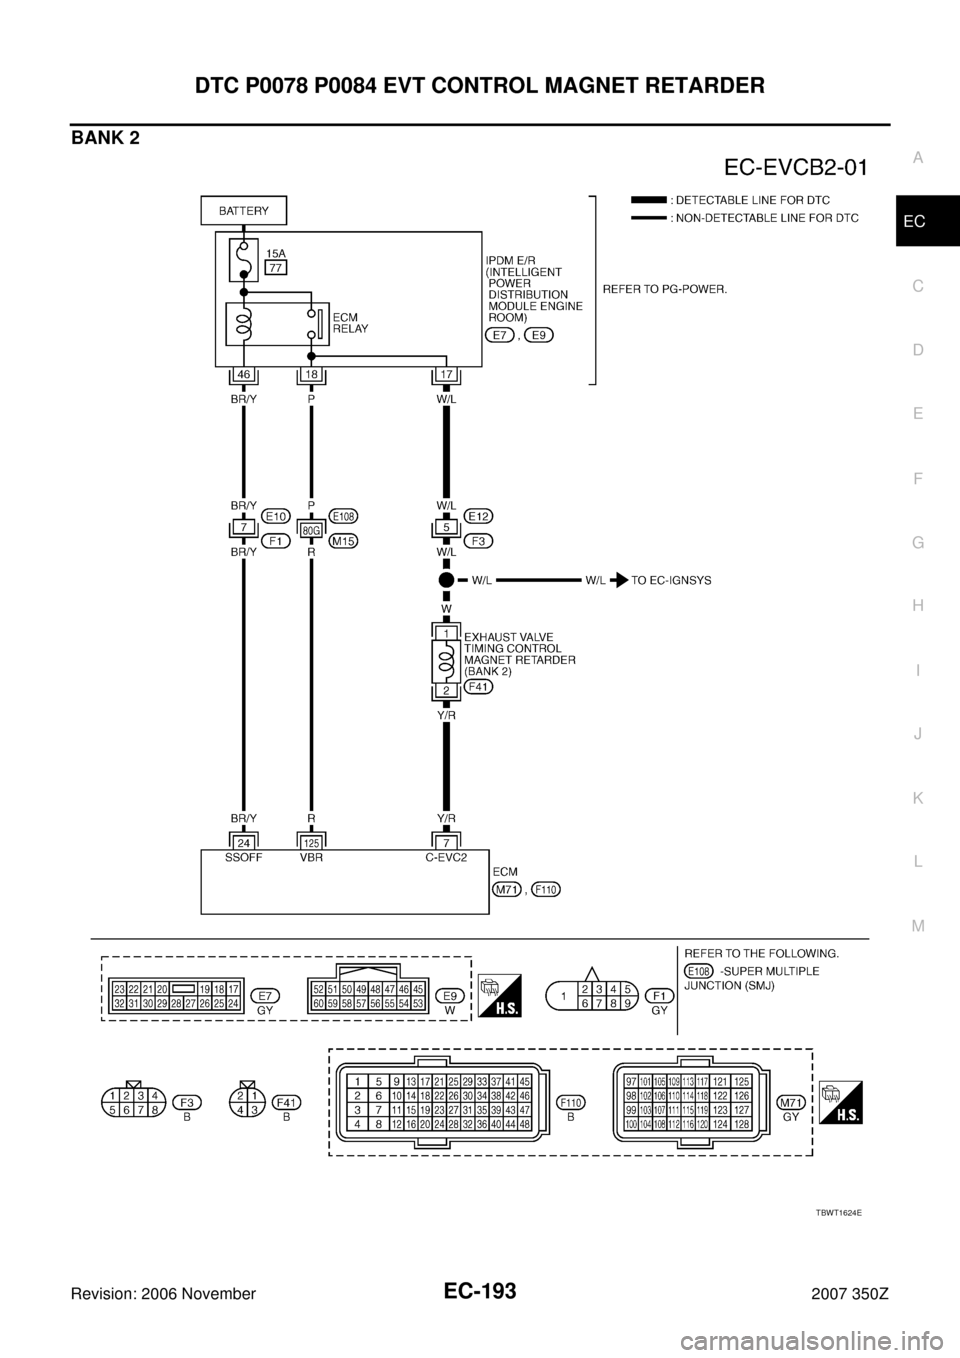 NISSAN 350Z 2007 Z33 Engine Control Workshop Manual DTC P0078 P0084 EVT CONTROL MAGNET RETARDER
EC-193
C
D
E
F
G
H
I
J
K
L
MA
EC
Revision: 2006 November2007 350Z
BANK 2
TBWT1624E
-----
Repeat the data exactly, excluding the pictures.

» TASK ANSWER
 NISSAN 350Z 2007 Z33 Engine Control Workshop Manual DTC P0078 P0084 EVT CONTROL MAGNET RETARDER
EC-193
C
D
E
F
G
H
I
J
K
L
MA
EC
Revision: 2006 November2007 350Z
BANK 2
TBWT1624E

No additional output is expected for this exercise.